▶ [Source data]:
===
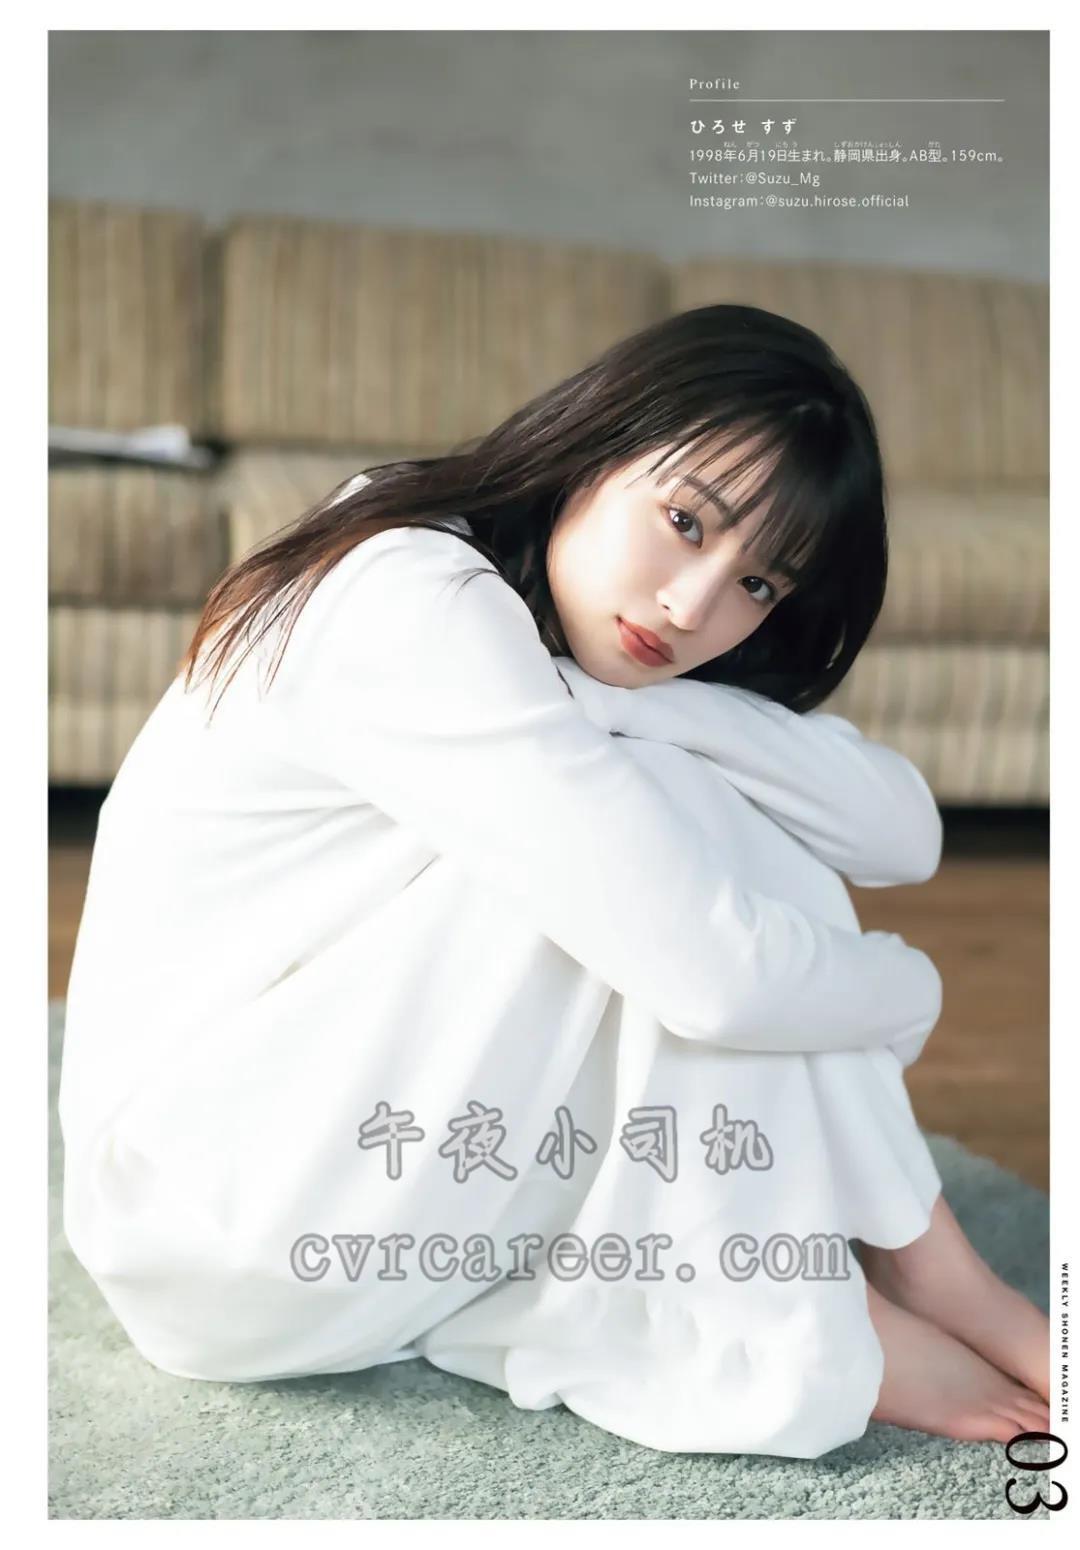 宅妹子suzu.hirose.official的图片 第9张
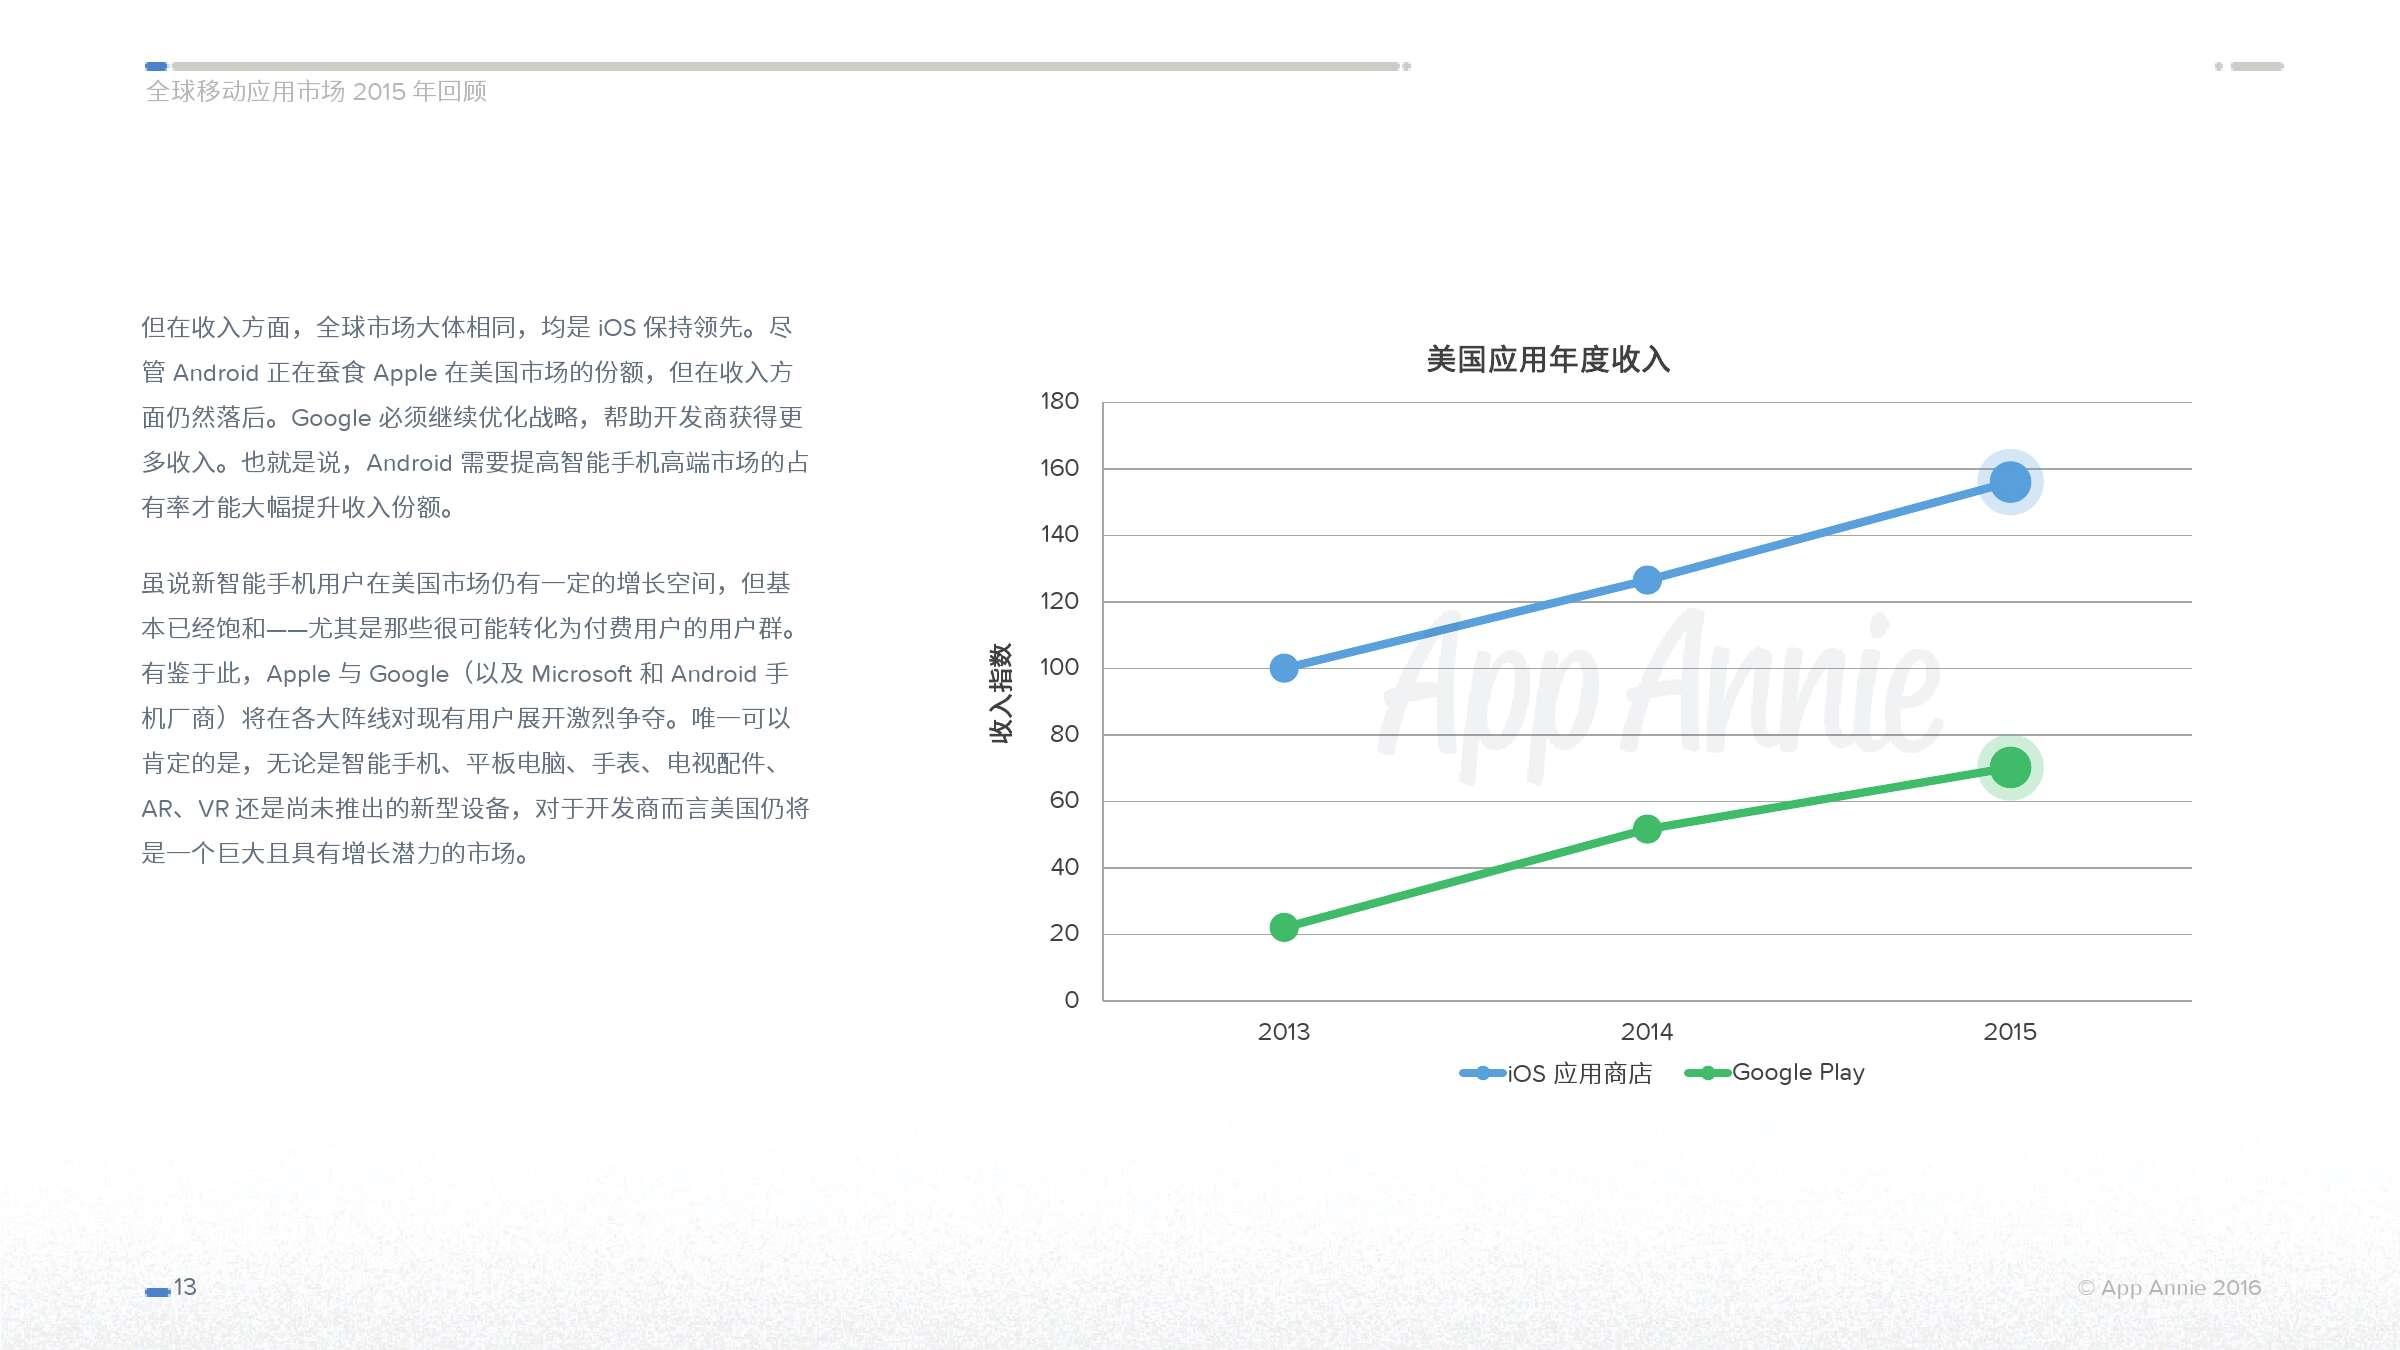 App Annie 全球移动应用市场 2015 年回顾_000013
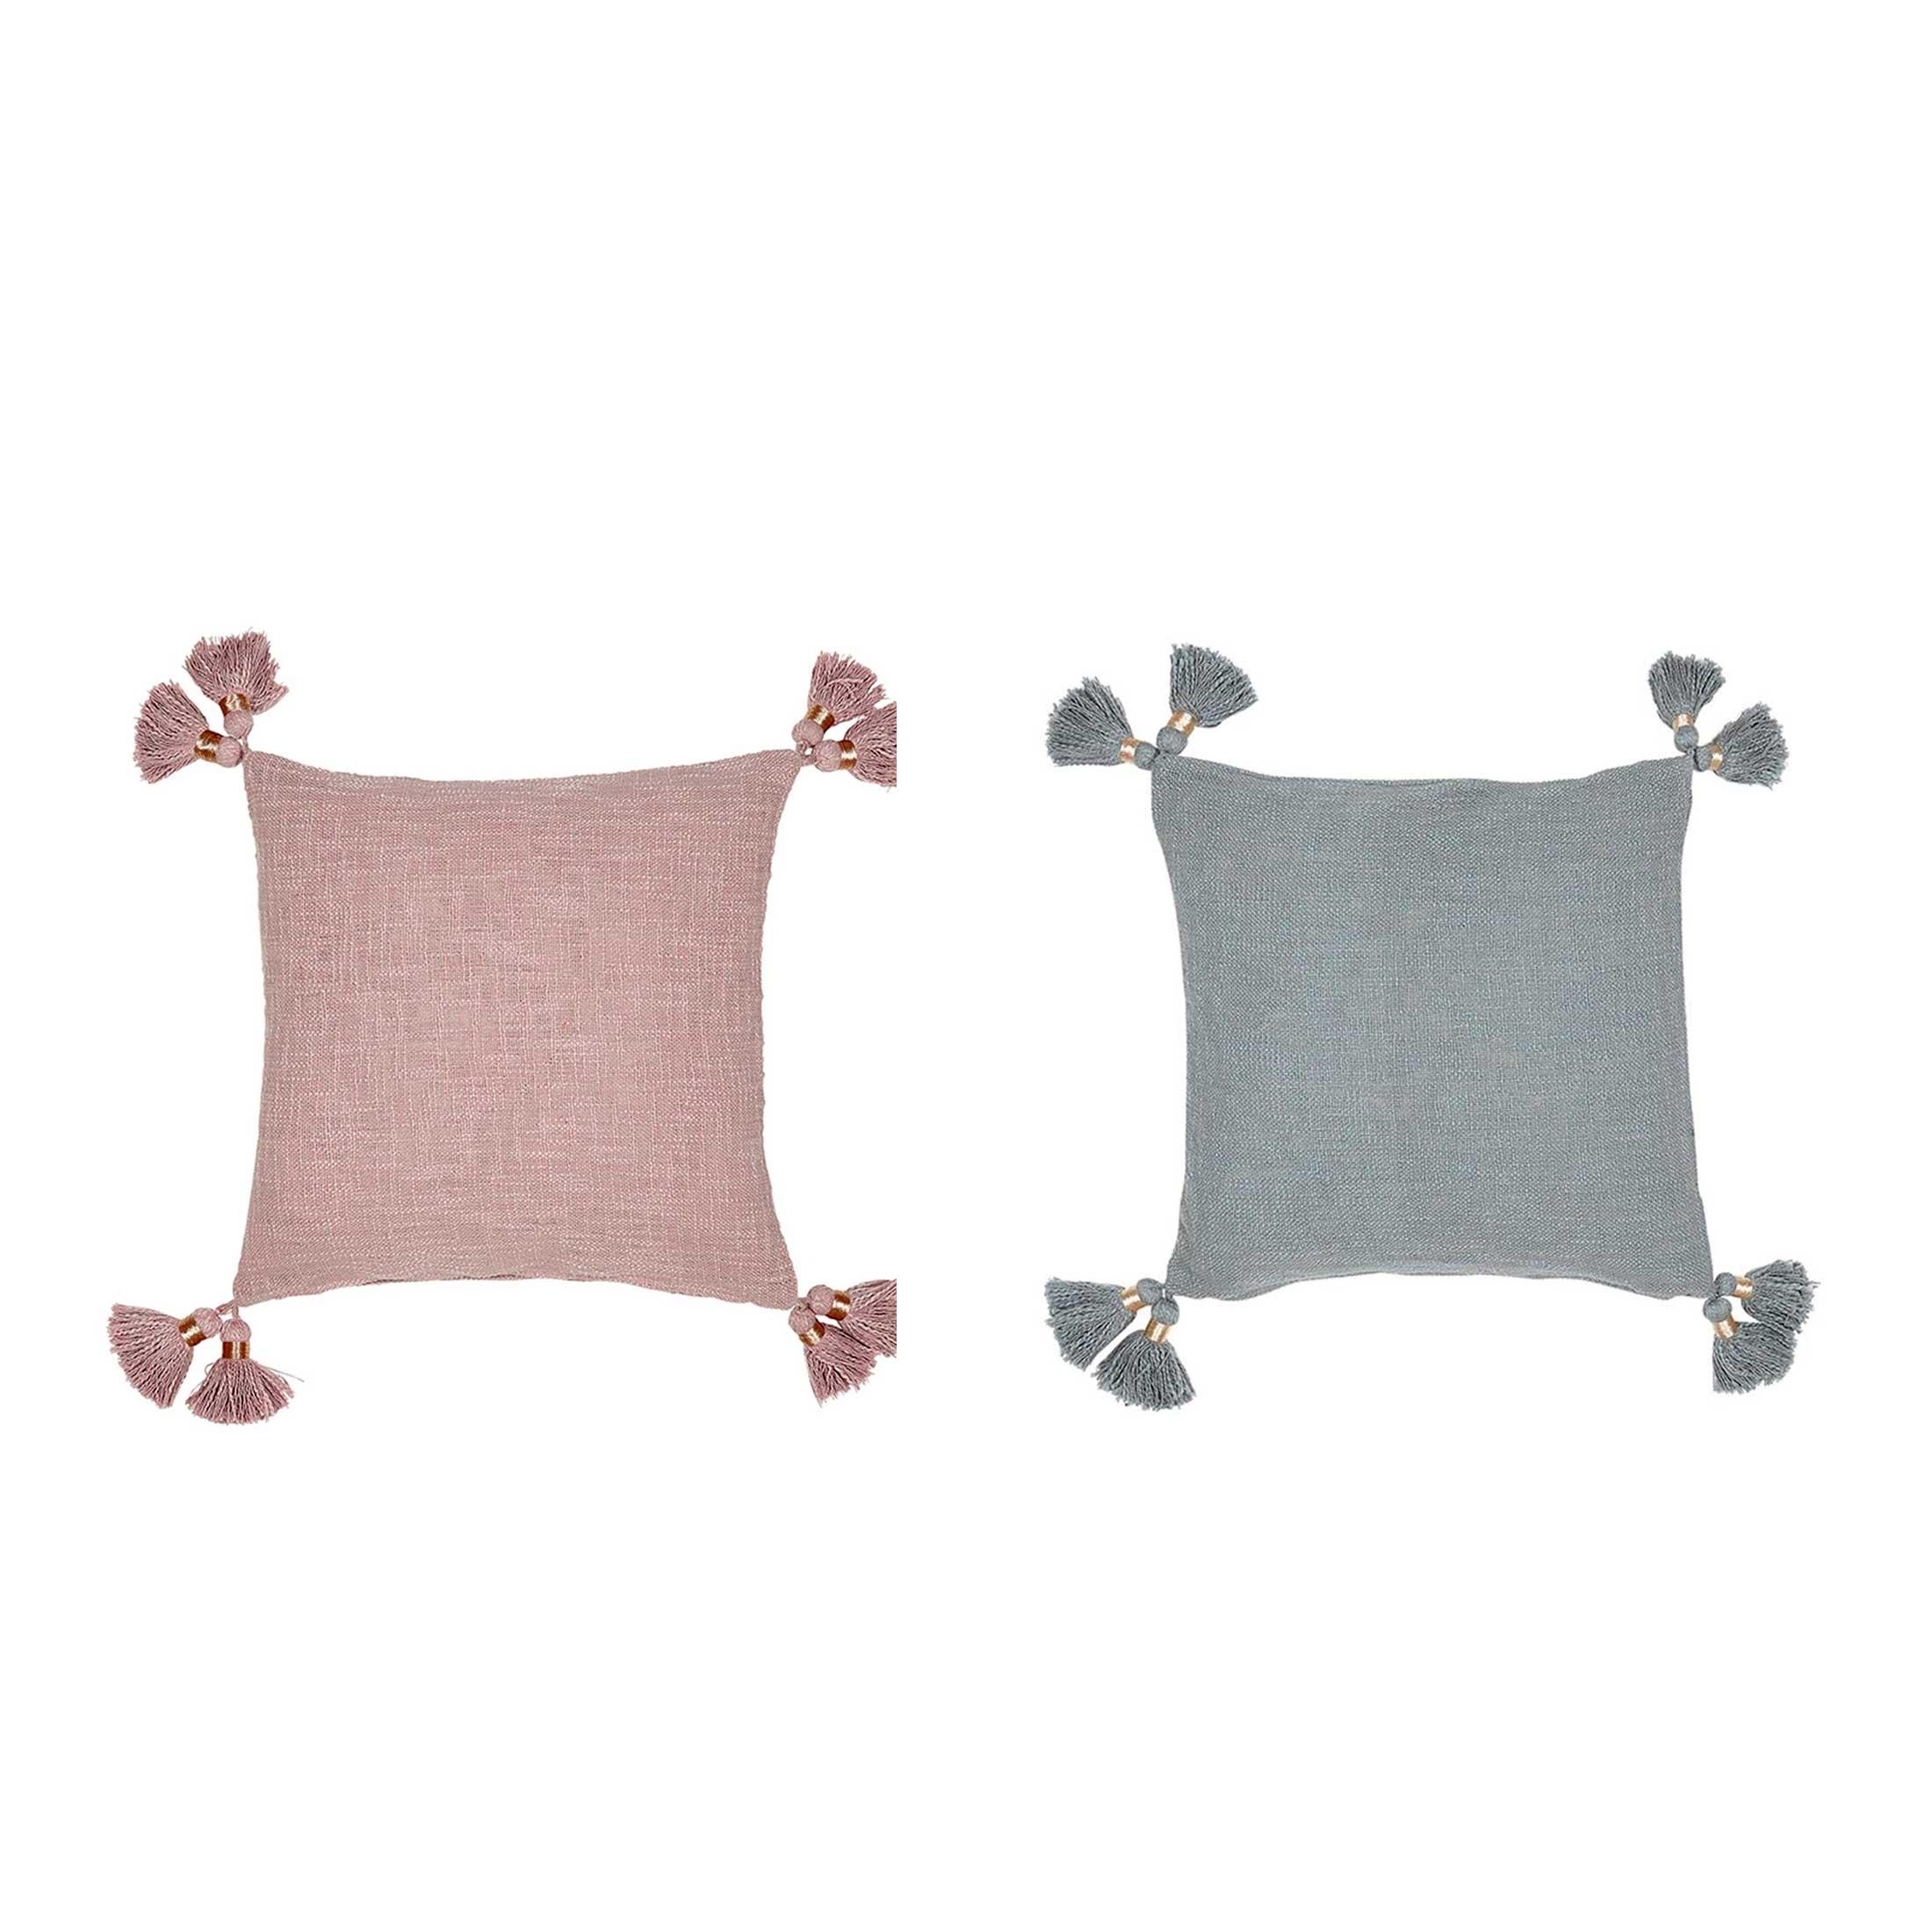 Deko Kissen in Grau sowie Rosa in 45 x 45 cm aus Bio Baumwolle mit süßen Bommeln von der Trendmarke Liv Interior. Entdecke die Deko Kissen in Rosa & Grau für das Sofa
===
▶ [Problem requirements]: The material must be restated verbatim. Its pictures must be omitted.

▶ [Solution to the problem]:
 宅妹子suzu.hirose.official的图片 第9张
 App Annie 全球移动应用市场 2015 年回顾_000013
 Deko Kissen in Grau sowie Rosa in 45 x 45 cm aus Bio Baumwolle mit süßen Bommeln von der Trendmarke Liv Interior. Entdecke die Deko Kissen in Rosa & Grau für das Sofa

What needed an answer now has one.